Lab Coat Confidential: Where Coding Meets Art

Fall programs have flown past the halfway mark, meaning that many of our classes have already met with scientist mentors from a range of Science Center companies!  We work closely with mentors to help design engaging experiences for our students, and it’s always a fun challenge to sit down with a new mentor and figure out how to convey their innovative, often-complex work to middle schoolers.

Gargi Pednekar, a Principal Software Engineer at Quantitative Radiology Solutions (QRS), has been thriving as our newest mentor.  Gargi develops algorithms and 3D models that help doctors more accurately target tumors during radiation therapy.  Read on to learn about how she’s connected art and science throughout her life!

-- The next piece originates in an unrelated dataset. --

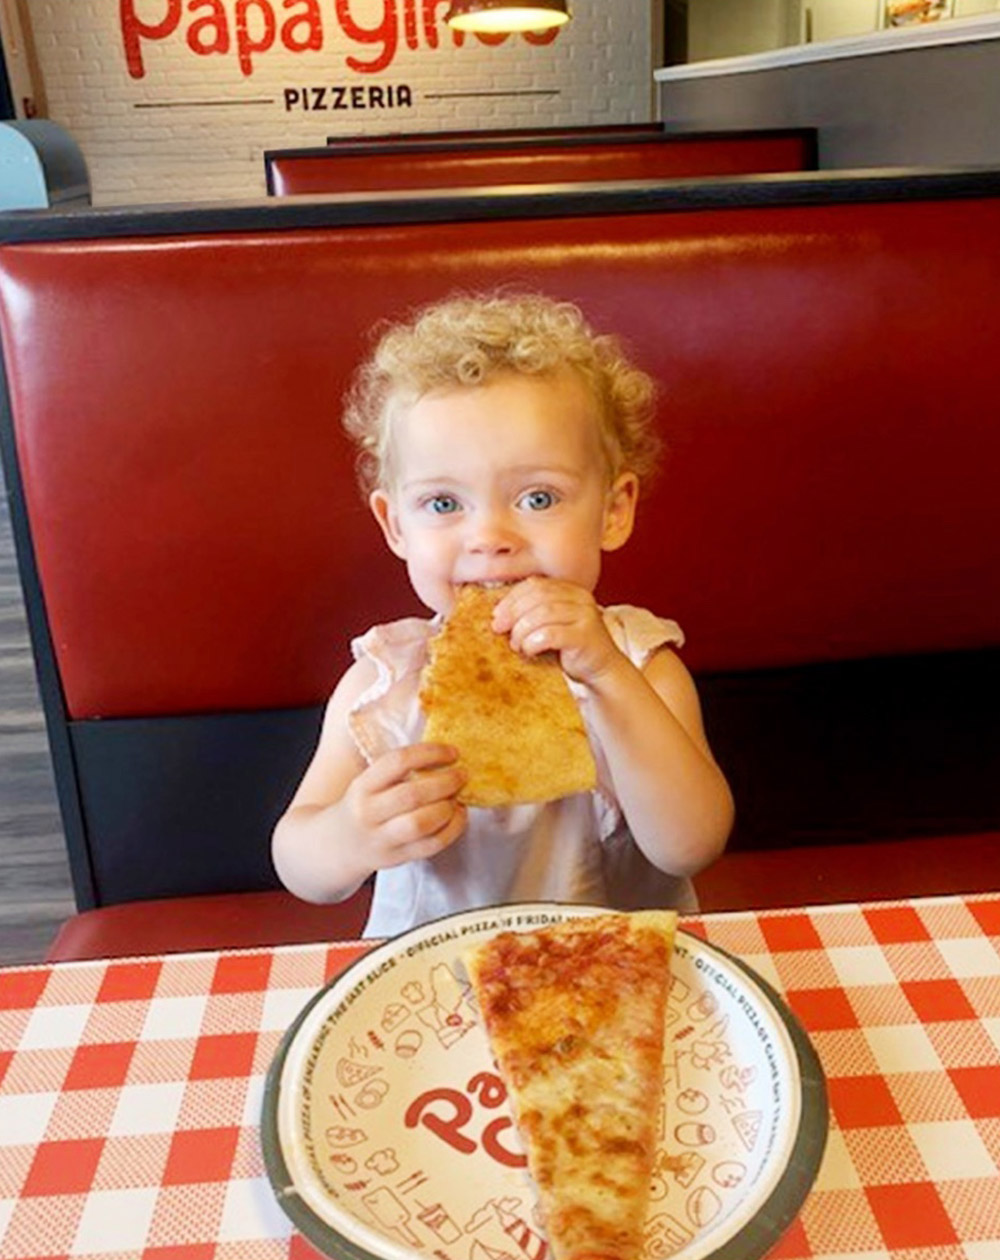 Child enjoying Papa Gino's pizza

What’s your favorite part of your job?

I have incredible mentors.  I learn from them because they have been doing this for 35 years, but they are also receptive to ideas.  One incentive of working at a research startup is having the freedom to create things, thinking, “I can modify or improve this; this has never been thought about before; I would like to implement that.”

The output of your work is visual – could you talk about the role of art in your job?

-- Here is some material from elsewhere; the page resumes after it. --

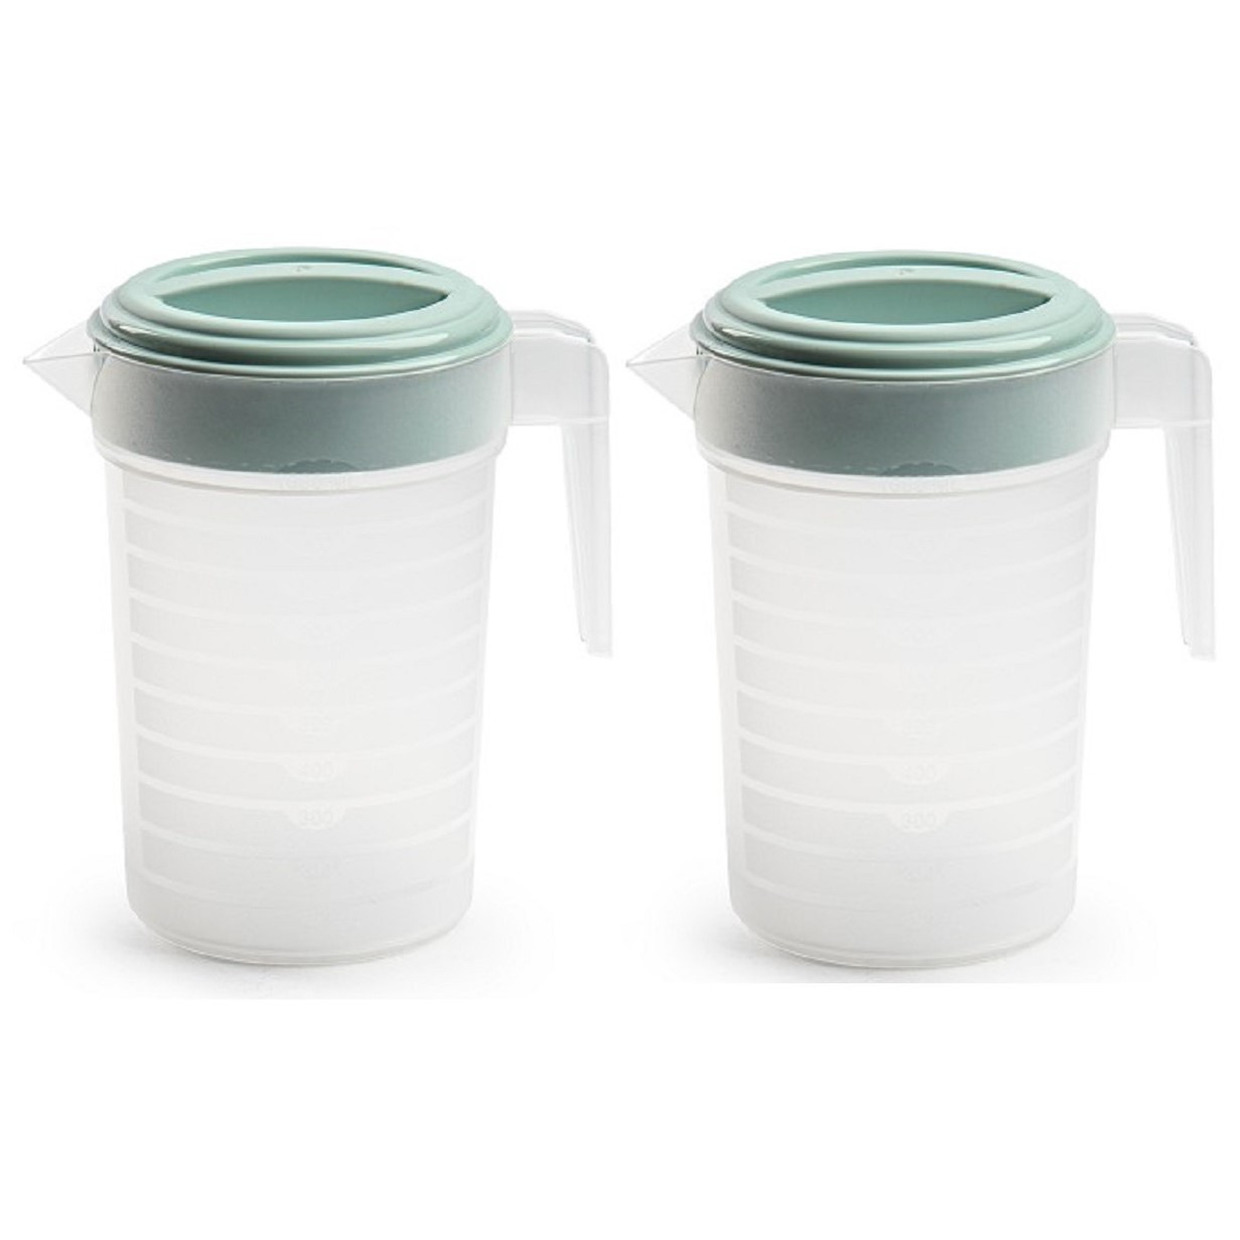 PlasticForte 2x stuks waterkan/sapkan transparant/mintgroen met deksel 1 liter kunststof -

When I mentored for DNA Selfie, I told the girls about how aesthetics matter a lot. For example, when we create 3D renditions of organs of the body for clinicians to see, there should be visual appeal.  But you don’t want to deteriorate the clinically important information, so how do you balance that? That’s where art comes in.

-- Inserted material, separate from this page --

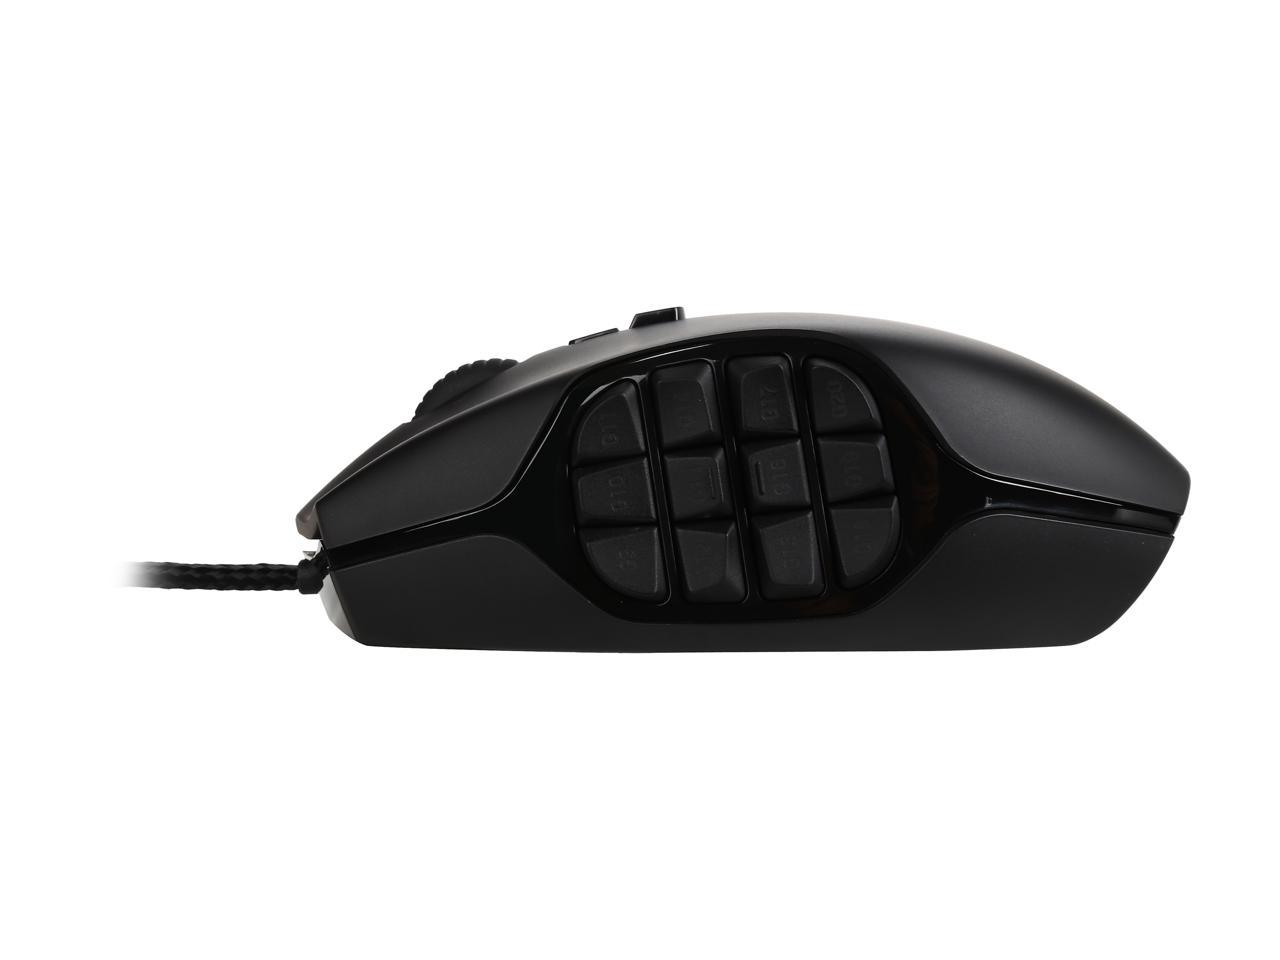 Logitech G600MMO Gaming Mouse - Black

What’s your relationship with art outside of your job?

While growing up, art was my thing.  I was good at it and it came naturally.  It’s meditation, and it helps me through many things. So I enjoy it in a very personal kind of way. I did not take it up as a career, but I think everybody should be connected to one form of art.  Mine is sketching, drawing, and painting (and doodling during lectures!)

Why did you decide to become a FirstHand mentor?

I’ve always liked the work FirstHand does.  I find there’s a great value in educating the future generations about things early on.  If they have practical experience, then they are well-informed to make informed decisions, choose a career or a vocation based on their strengths, and then be happy or satisfied in the future.  FirstHand opens students to opportunities in science, technology, and art early on. That is kind of beautiful, and I wanted to help or contribute to that.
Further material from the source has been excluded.